Brevity Constraints Reverse Performance Hierarchies in Language Models

arXiv cs.AI / 4/2/2026

💬 OpinionSignals & Early TrendsIdeas & Deep AnalysisModels & Research

Key Points

  • Standard benchmark evaluations show a counterintuitive result where larger language models underperform smaller ones on 7.7% of problems by 28.4 percentage points, despite having 10–100x more parameters.
  • The study attributes this to spontaneous, scale-dependent verbosity that increases errors via overelaboration, rather than to inherent limitations of large models.
  • Causal interventions indicate the issue is correctable through prompt design: adding brevity constraints to large models improves accuracy by 26 percentage points and reduces the performance gaps by up to two-thirds.
  • Under brevity constraints, performance hierarchies reverse on mathematical reasoning and scientific knowledge benchmarks, giving large models a 7.7–15.9 percentage point advantage over smaller models.
  • The authors find inverse scaling is continuous across the full parameter range (0.5B–405B) and emphasize deployment impact: scale-aware prompt adaptation can improve accuracy while lowering computational costs.

Abstract

Standard evaluation protocols reveal a counterintuitive phenomenon: on 7.7% of benchmark problems spanning five datasets, larger language models underperform smaller ones by 28.4 percentage points despite 10-100x more parameters. Through systematic evaluation of 31 models (0.5B-405B parameters) across 1,485 problems, we identify the mechanism as spontaneous scale-dependent verbosity that introduces errors through overelaboration. Causal intervention experiments demonstrate this reflects correctable prompt design rather than fundamental capability limitations. Constraining large models to produce brief responses improves accuracy by 26 percentage points and reduces performance gaps by up to two-thirds.
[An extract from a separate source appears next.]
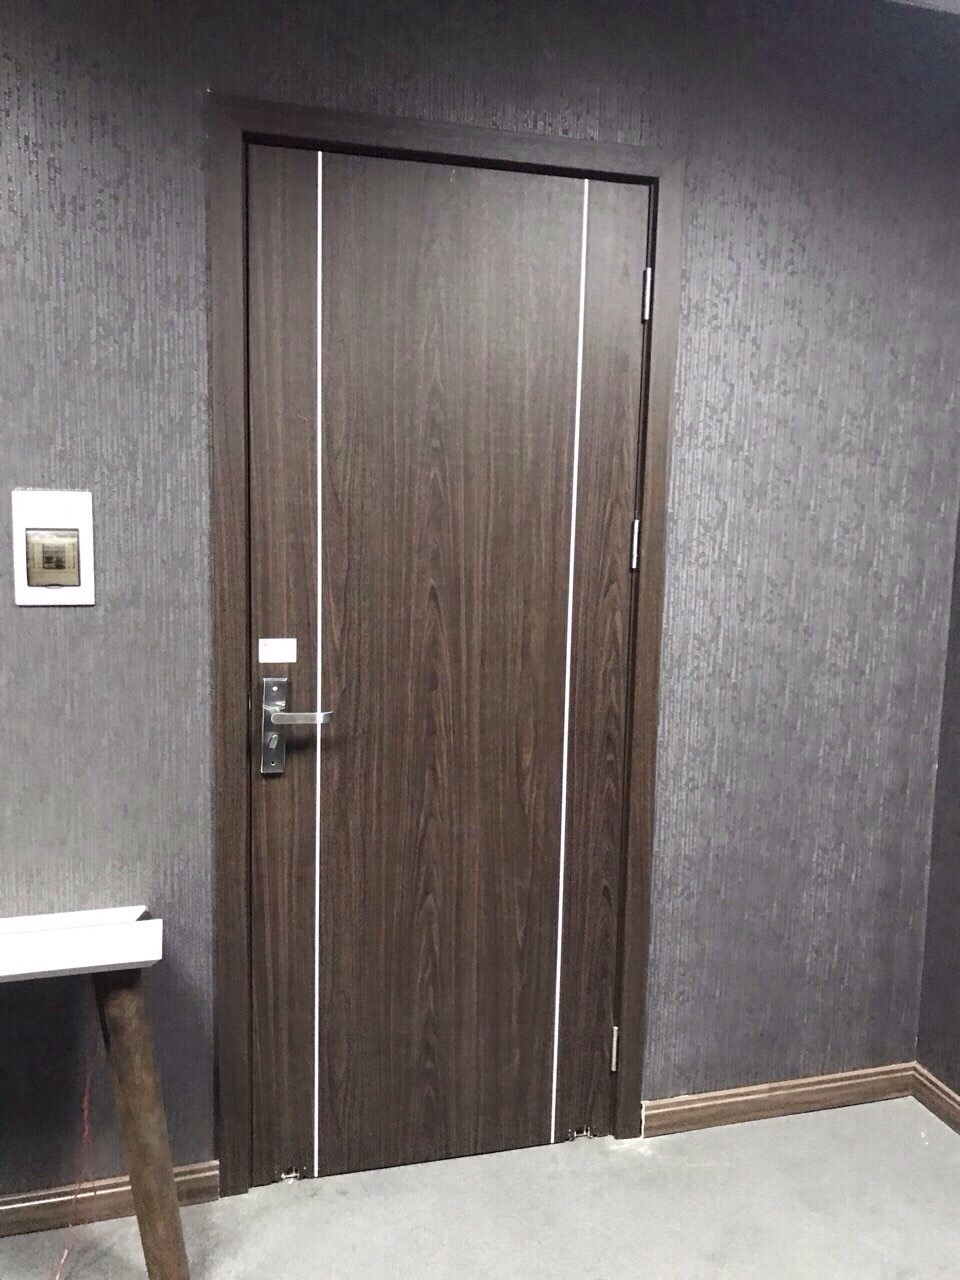 Cửa nhựa composite Hàn Quốc phòng WC

Most critically, brevity constraints completely reverse performance hierarchies on mathematical reasoning and scientific knowledge benchmarks, with large models achieving 7.7-15.9 percentage point advantages over small models -- direct inversions of the original gaps. These reversals prove large models possess superior latent capabilities that universal prompting masks. We validate findings through three independent contamination tests and demonstrate inverse scaling operates continuously across the full parameter spectrum, with dataset-specific optimal scales ranging from 0.5B to 3.0B parameters. Our results establish that maximizing large model performance requires scale-aware prompt engineering rather than universal evaluation protocols, with immediate implications for deployment: prompt adaptation simultaneously improves accuracy and reduces computational costs.